The report emphasises stewardship tools, including shareholder proposals, exempt solicitations, proxy memos and direct engagement. It provides sample arguments showing how issues such as second-hand smoke exposure, inequality or climate inaction generate public costs that weaken workforce productivity and economic growth.
Investors are encouraged to establish “guardrails” to prevent companies from pursuing profit strategies that harm systemic stability. Where company and portfolio interests diverge, shareholders are urged to steward capital in line with long-term diversified interests.
Resources for engagements
The report offers practical talking points and infographics illustrating how corporate externalities transmit from systemic harm to macroeconomic impact and ultimately to portfolio losses.
Sample language links specific sustainability issues to quantified economic risks. Examples include:
- Biodiversity loss threatening US$150 trillion in ecosystem services and over half of global GDP.
- Climate change potentially reducing global equity valuations by more than 40% under limited mitigation scenarios.
- Inequality slowing GDP growth by 2–4 percentage points annually.
- Forced labour elimination potentially increasing global GDP by up to 1.48%.
- Antimicrobial resistance posing potential losses of US$100 trillion by 2050.
- Workplace injuries costing up to 4% of global GDP.
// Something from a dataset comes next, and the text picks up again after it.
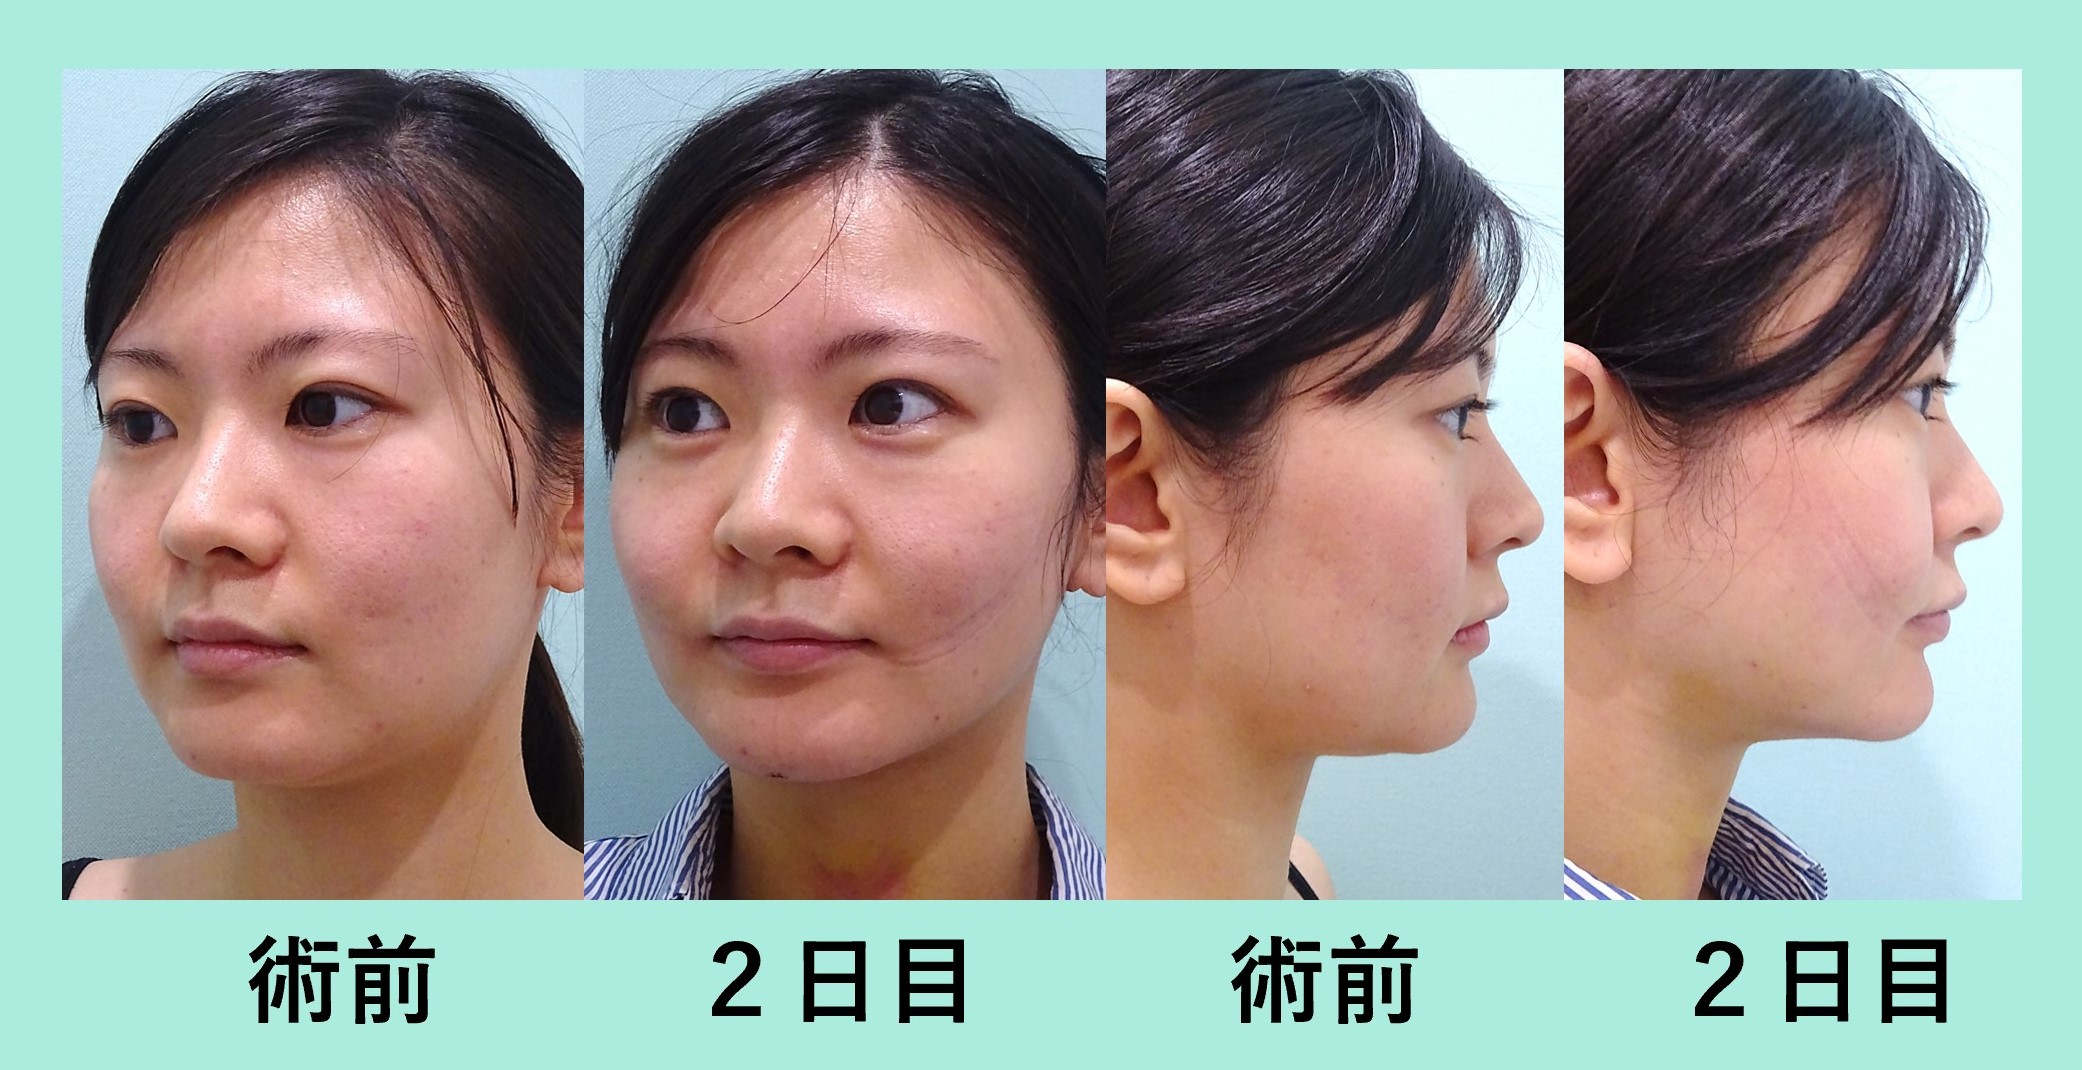 小顔 脂肪吸引 ダウンタイム

These examples demonstrate how systemic issues translate into portfolio-level financial risk. The report references frameworks from PRI and CFA Institute redefining stewardship as protecting long-term overall value, including shared economic, social and environmental assets.
Examples of research
The report compiles studies quantifying macroeconomic costs across climate, biodiversity, inequality, public health, conflict and racial inequity.
Climate research suggests 1°C of warming may reduce world GDP by 12%, and physical risk could reach US$41.4 trillion (14.5% of GDP) by 2050. Nature loss could reduce global GDP by US$2.7 trillion annually, while ecosystem degradation may cost US$4.3–20.2 trillion per year.
Inequality research indicates racial discrimination has cost the US economy US$16 trillion since 2000, and closing wage and wealth gaps could add trillions to GDP. Gender equality could add US$12–28 trillion to global GDP.
Public health studies estimate air pollution costs equivalent to 6.1% of global GDP, obesity around 2–3.6% of GDP depending on country, and gun violence 2.6% of US GDP annually.
Conflict research suggests global GDP in 2014 would have been 12% higher absent violent conflict since 1970.
Collectively, the evidence supports the report’s core conclusion: systemic social and environmental harms materially threaten macroeconomic stability and long-term diversified portfolio returns, warranting system-level stewardship by investors.